Wireless Access

 View Only
Expand all | Collapse all

AAA Dead Timers

This thread has been viewed 55 times
  • 1.  AAA Dead Timers

    Posted Sep 22, 2025 06:58 AM

    I've logged a TAC call about this but I'm getting nowhere and this is the second time I've logged it. 

    We have two clusters (A/B and C/D) and four ClearPass servers (CPPM-A1, A2, B1 and B2). Due to work at our data centre last week, we disabled clusters A and C and failed over to B and D. CPPM-A1 and A2 were also switched off and the router ports disabled. #

    We identified that the controllers were still trying to send authentication requests to the ClearPass servers which are off. The AAA dead timer is set to 10 minutes.

    (MM-8B) [mynode] #show aaa timers

     Global User idle timeout = 300 seconds

    Auth Server dead time = 10 minutes

    Logon user lifetime = 5 minutes

    User Interim stats frequency = 600 seconds

    My understanding is that after the 10 minutes has elapsed, authentication requests should not be sent to the "dead" ClearPass servers, however, that doesn't seem to be occurring.

    Sep 18 08:49:03 2025  dot1x-proc:2[9451]: <124004> <9451> <DBUG> |dot1x-proc:2|  aal_auth_raw (1322)(INC) : os_auths 1, s cppm-a2 type 2 inservice 1 markedD 0 sg_name cppm_srvgrp
    Sep 18 08:49:03 2025  dot1x-proc:2[9451]: <124004> <9451> <DBUG> |dot1x-proc:2|  aal_auth_raw (1325)(INC) : os_reqs 8, s cppm-a2 type 2 inservice 1 markedD 0 

    Sep 18 08:49:03 2025  dot1x-proc:1[9448]: <124004> <9448> <DBUG> |dot1x-proc:1|  aal_auth_raw (1322)(INC) : os_auths 2, s cppm-a2 type 2 inservice 1 markedD 0 sg_name cppm_srvgrp
    Sep 18 08:49:03 2025  dot1x-proc:1[9448]: <124004> <9448> <DBUG> |dot1x-proc:1|  aal_auth_raw (1325)(INC) : os_reqs 9, s cppm-a2 type 2 inservice 1 markedD 0 

    Sep 18 08:49:04 2025  dot1x-proc:2[9451]: <121004> <9451> <WARN> |dot1x-proc:2| |aaa| RADIUS server cppm-a2 server-group cppm-6.11_srvgrp --IPaddress-1812 timeout for client=MACaddress auth method 802.1x
    Sep 18 08:49:04 2025  dot1x-proc:2[9451]: <138236> <9451> <DBUG> |dot1x-proc:2|  wpa3 0 wpa2 1 wpa 0 apape 2ptk 0 gtk 0 onlyptk 0 newauth 0 psk 0 wired 2

    Sep 18 08:49:05 2025  authmgr[8790]: <121004> <8790> <WARN> |authmgr| |aaa| RADIUS server cppm-a2 server-group cppm_srvgrp --IPAddress-1812 timeout for client=MACaddress auth method MAC


    We're running 8.10.0.19. Has anyone else seen this?

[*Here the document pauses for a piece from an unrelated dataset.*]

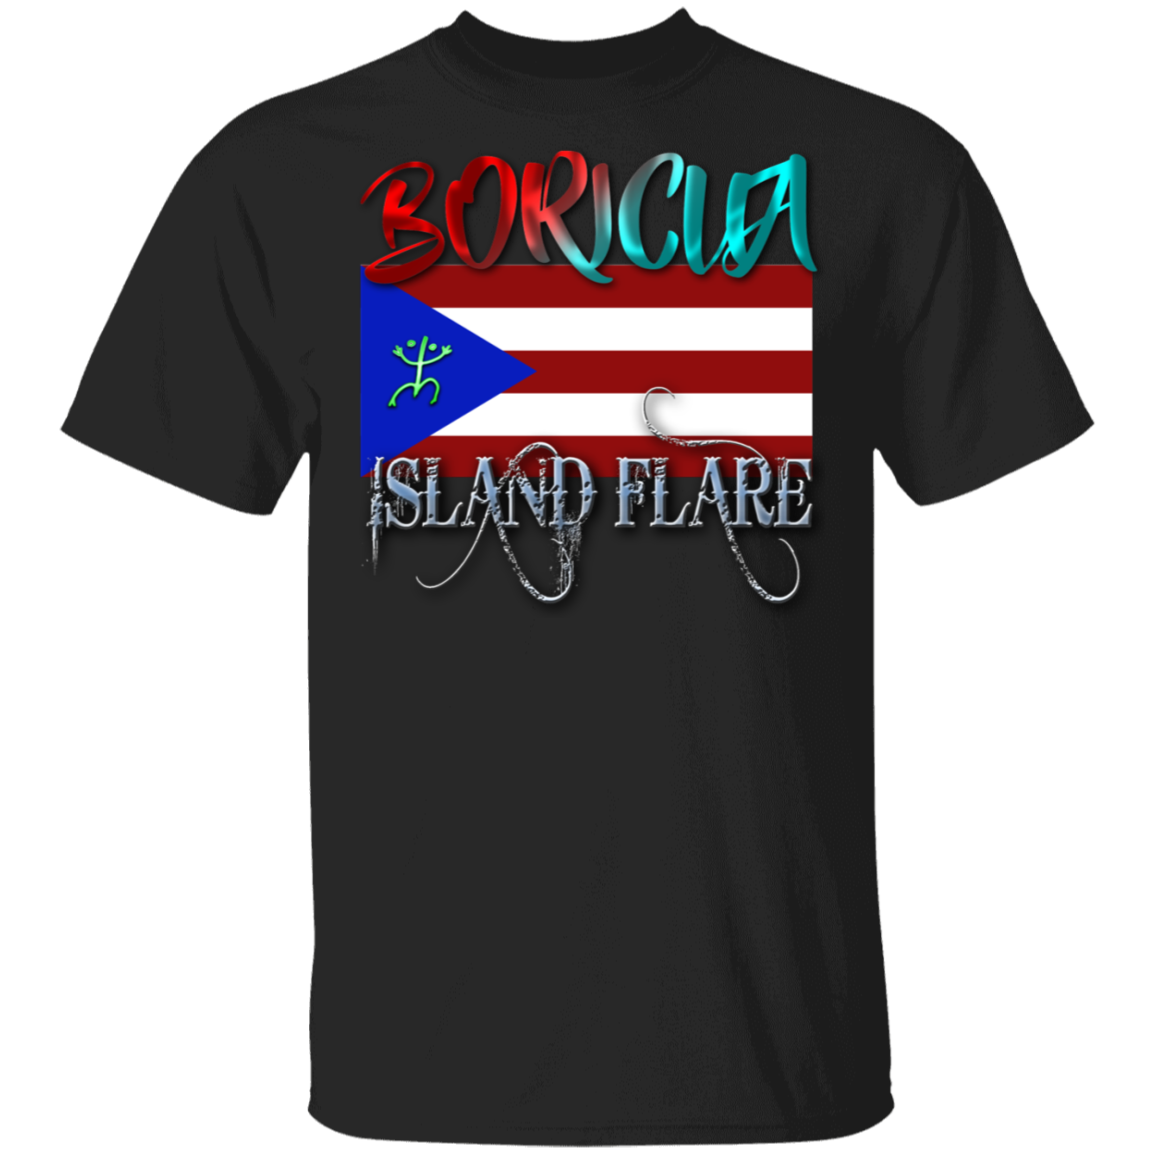 Boricua Island Flare 5.3 oz. T-Shirt

    -------------------------------------------


  • 2.  RE: AAA Dead Timers

    Posted Sep 22, 2025 07:38 AM

    If the CPPM nodes are intentionally offline, don't rely on the dead-time alone. The controller will still cycle through all servers in the group. Easiest fix is to just pull those nodes out of the server-group (or disable them) until they're back online:

    configure terminal
    aaa server-group cppm_svgrp
    no auth-server cppm-a1
    no auth-server cppm-a2
    exit
    end
    write memory

    This way the controller only talks to the active ClearPass nodes and you won't see the repeated 1812 timeout messages. If you have a cluster VIP, even better-point the controller to that so failover is handled inside ClearPass.

    Cheers,

    Vigan

    -------------------------------------------



  • 3.  RE: AAA Dead Timers

    Posted Sep 22, 2025 10:22 AM

    Hi Vigan,

    Thank you for your response.

    Yes, once I identified the issue, I removed both servers from the server groups on both clusters.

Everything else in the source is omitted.